AFM has also been used to stretch bacterial pili [30][34], cell surface appendages that play an important role in mediating the attachment of pathogens to host cells. Force spectroscopy experiments revealed that Gram-negative bacterial pili are highly extensible as a result of the unfolding of their helical quaternary structure [30][33]. This elongation may help the cells to redistribute external forces to multiple pili, thereby enabling them to withstand shear forces. By contrast, pulling on pili from the Gram-positive bacterium Lactobacillus rhamnosus GG yielded sharp adhesion force peaks with linear shapes, demonstrating that the pili do not unfold but instead behave as stiff nanosprings (Figure 1D) [34]. Presumably, these remarkable mechanical properties are used by the bacteria to resist physiological forces while being engaged in bacterial-host interactions. In summary, AFM has helped to shed new light on the adhesive and mechanical properties of cell surface adhesins engaged in pathogen-host interactions. These single-molecule analyses could pave the way in designing new molecules that block pathogen-host adhesion, which would offer a new means of preventing infection.


The studies surveyed here demonstrate that AFM has great potential in microbial research. AFM imaging enables microbiologists to decipher the nanoscale architecture of cell surfaces and its remodelling upon growth or interaction with drugs. Moreover, force spectroscopy allows us to understand how cell surface receptors are spatially organized (e.g. clustering) and respond to force (e.g. single specific bonds, sequential unfolding, zipper-like adhesion, and spring-like properties).
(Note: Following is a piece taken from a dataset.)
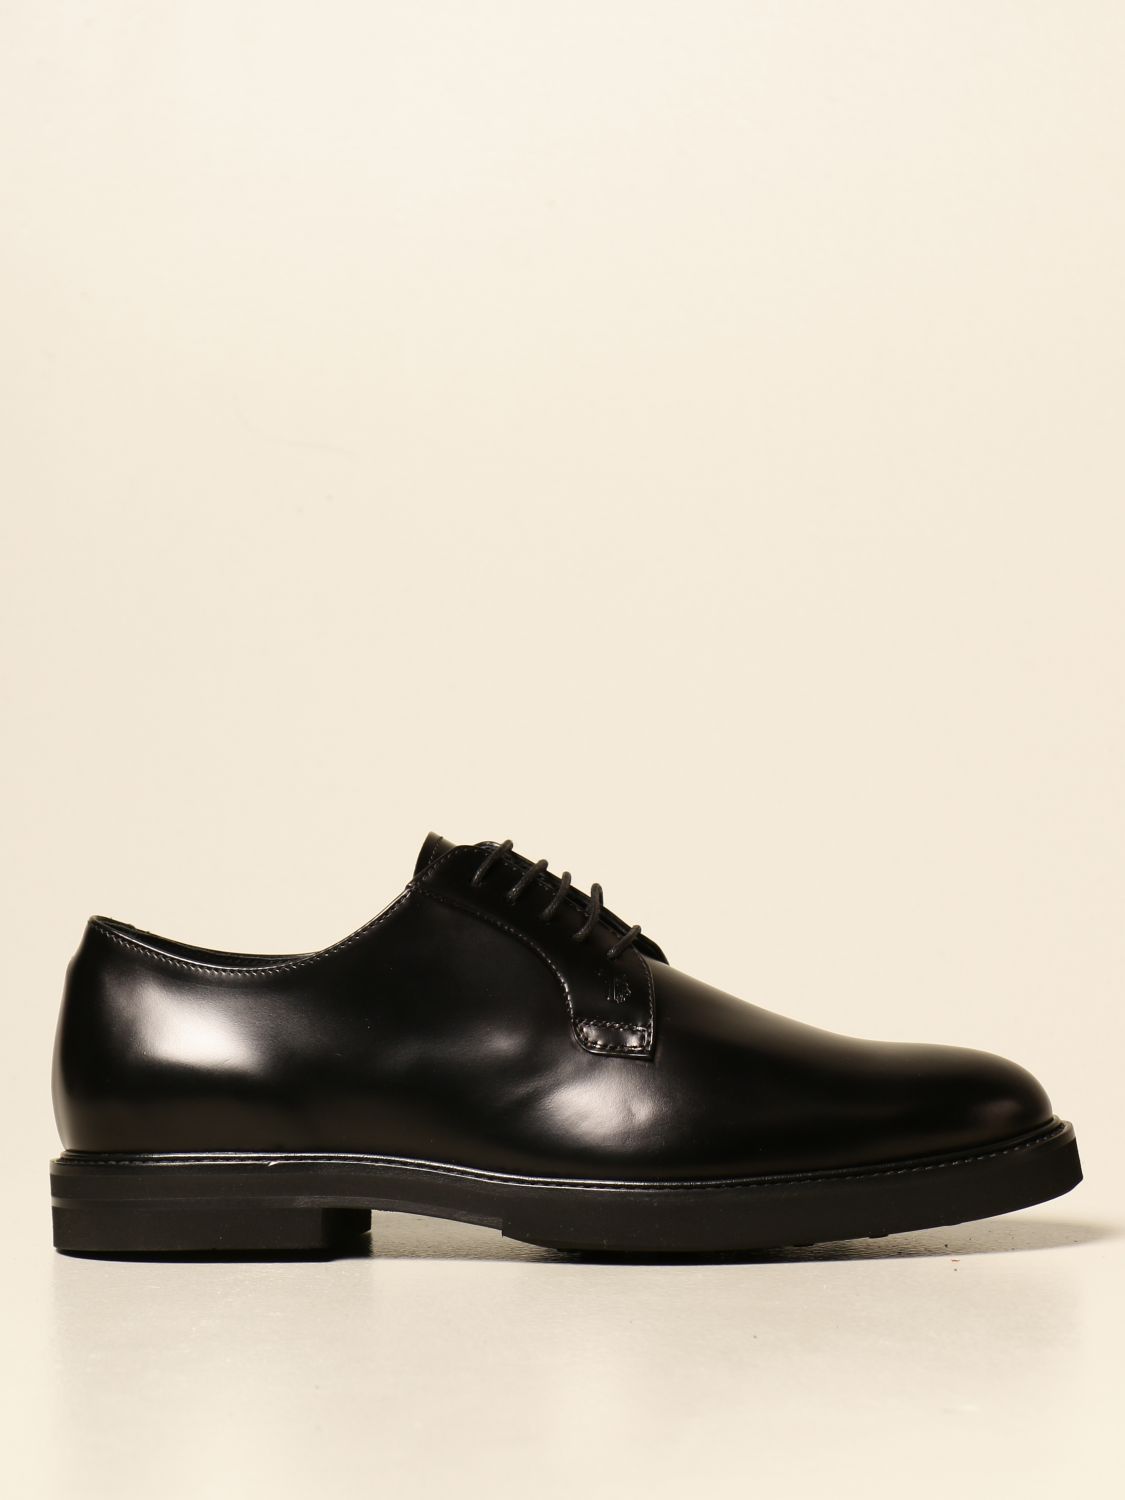 tods shoes black

Knowing these molecular properties is critical to our understanding of cell surface functions.

Many challenges remain to be addressed. As we have already discussed, further developments in high-speed AFMs [20][22] will allow us to track dynamic molecular processes on individual pathogens, such as drug-induced remodelling or force-induced receptor clustering. In parallel, novel quantitative imaging modes [35] will make it possible to simultaneously image the structure and the biophysical properties (e.g. elasticity, adhesion) of pathogens at high speed (a few minutes per image) and high resolution (a few nanometers). Another challenging issue will be to further develop and apply non-invasive single-cell probe methods [36], in which the AFM tip is replaced by a single microbial cell, thereby enabling researchers to quantify the forces driving microbe-microbe, microbe-solid, and microbe-host interactions.